The data matrix is defined like

int** matrix; matrix = new int*[row];
if (matrix == NULL)
{
    cout << "Allocation memory - Failed";
}
for (int i = 0; i < row; i++)//Allocation memory
{
    matrix[i] = new int[col];
    if (matrix[i] == NULL)
    {
        cout << "Allocation memory - Failed";
        return;
    }
}

What can I do?
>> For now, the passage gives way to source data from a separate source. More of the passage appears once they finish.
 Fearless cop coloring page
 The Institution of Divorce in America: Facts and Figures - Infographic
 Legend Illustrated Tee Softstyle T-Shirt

Thank you,

Answer 5

I was looking for self-tested array replacement... Improved version returns reference or NULL reference and checks boundaries inside.

#include <iostream>
#include <iomanip>

template<typename T, int cols>
class Arr1
{
public:
    Arr1(T (&place)[cols]) : me(place) {};
    const size_t &Cols = cols;
    T &operator [](size_t i)
    {
        if (i < cols && this != NULL) return me[i];
        else {
            printf("Out of bounds !\n");
            T *crash = NULL;
            return *crash;
        }
    }
private:
    T (&me)[cols];
};
template<typename T, int rows, int cols>
class Arr2
{
public:
    const size_t &Rows = rows;
    const size_t &Cols = cols;
    Arr2() {
        ret = NULL;
        for (size_t i = 0; i < rows; i++) // demo - fill member array
        {
            for (size_t j = 0; j < cols; j++) matrix[i][j] = cols * i + j;
        }
    }
    ~Arr2() {
        if (ret) delete ret;
    }
    Arr1<T, cols>(&operator [](size_t i))
    {
        if (ret != NULL) delete ret;
        if (i < rows) {
            ret = new Arr1<T, cols>(matrix[i]);
            return *ret;
        }
        else {
            ret = NULL;
            printf("Out of bounds !\n");
            return *ret;
        }
    }
    //T(&MemberCheck)[rows][cols] = matrix;
private:
    T matrix[rows][cols];
    Arr1<T, cols> *ret;
};
template<typename T,int rows, int cols>
class Arr
{
public:
    const size_t &Rows = rows;
    const size_t &Cols = cols;
    T(&operator [](size_t i))[cols]
    {
        if (i < rows) return matrix[i];
        else {
            printf("Out of bounds !\n");
            T(*crash)[cols] = NULL;
            return *crash;
        }
    }
    T (&MemberCheck)[rows][cols] = matrix;
private:
    T matrix[rows][cols];
};

void main2()
{
    std::cout << "Single object version:" << endl;
    Arr<int, 3, 4> a;

    for (size_t i = 0; i <= a.Rows; i++)
    {
        int *x = &a[i][0];
        if (!x) printf("Fill loop - %i out of bounds...\n", i);
        else for (size_t j = 0; j < a.Cols; j++) a[i][j] = a.Cols * i + j;
    }

    for (size_t i = 0; i < a.Rows; i++)
    {
        for (size_t j = 0; j <= a.Cols; j++) {
            std::cout << std::setw(2) << a[i][j] << ' ';
            if (a.MemberCheck[i][j] != a[i][j])
                printf("Internal error !");
        }
        std::cout << std::endl;
    }

    std::cout << endl << "Double object version:" << endl;

    Arr2<int, 3, 4> a2;
    for (size_t i = 0; i < a2.Rows; i++)
    {
        for (size_t j = 0; j <= a2.Cols; j++) {
            int &x = a2[i][j];
            if (&x)
            {
                x++;
                std::cout << std::setw(2) << a2[i][j] << ' ';
                //if (&a2.MemberCheck[i][j] != &a2[i][j])
                //  printf("Internal error !");
            }
        }
    }
}

Output

Single object version:
Out of bounds !
Fill loop - 3 out of bounds...
 0  1  2  3  4
 4  5  6  7  8
 8  9 10 11 -858993460

Double object version:
 1  2  3  4 Out of bounds !
 5  6  7  8 Out of bounds !
 9 10 11 12 Out of bounds !

Answer 6

it works fine in the program below

#include<iostream>
using namespace std;
class A{
    public:
    int r,c;
    int** val;
    A()
    {
        r=0;c=0;val=NULL;
    }
    A(int row,int col)
    {
        r=row;c=col;
        int count=0;
        val=new int*[row];
        for(int i=0;i<r;i++){
            val[i]=new int[col];
            for(int j=0;j<c;j++){
                count++;
                val[i][j]=count;
            }
        }
    }
    int* &operator[](int index){
        return val[index];
    }
};
int main(void){
    A a(3,3);
    cout<<a[1][2];
    return 0;
}

here, a[1][2] first computes a[1]-->which returns 2nd row as (int*) type then it's read as (int*)[2] which returns 3rd element of that row.In short,

a[1][2]------>(a[1])[2]------>(val[1])[2]------>val[1][2].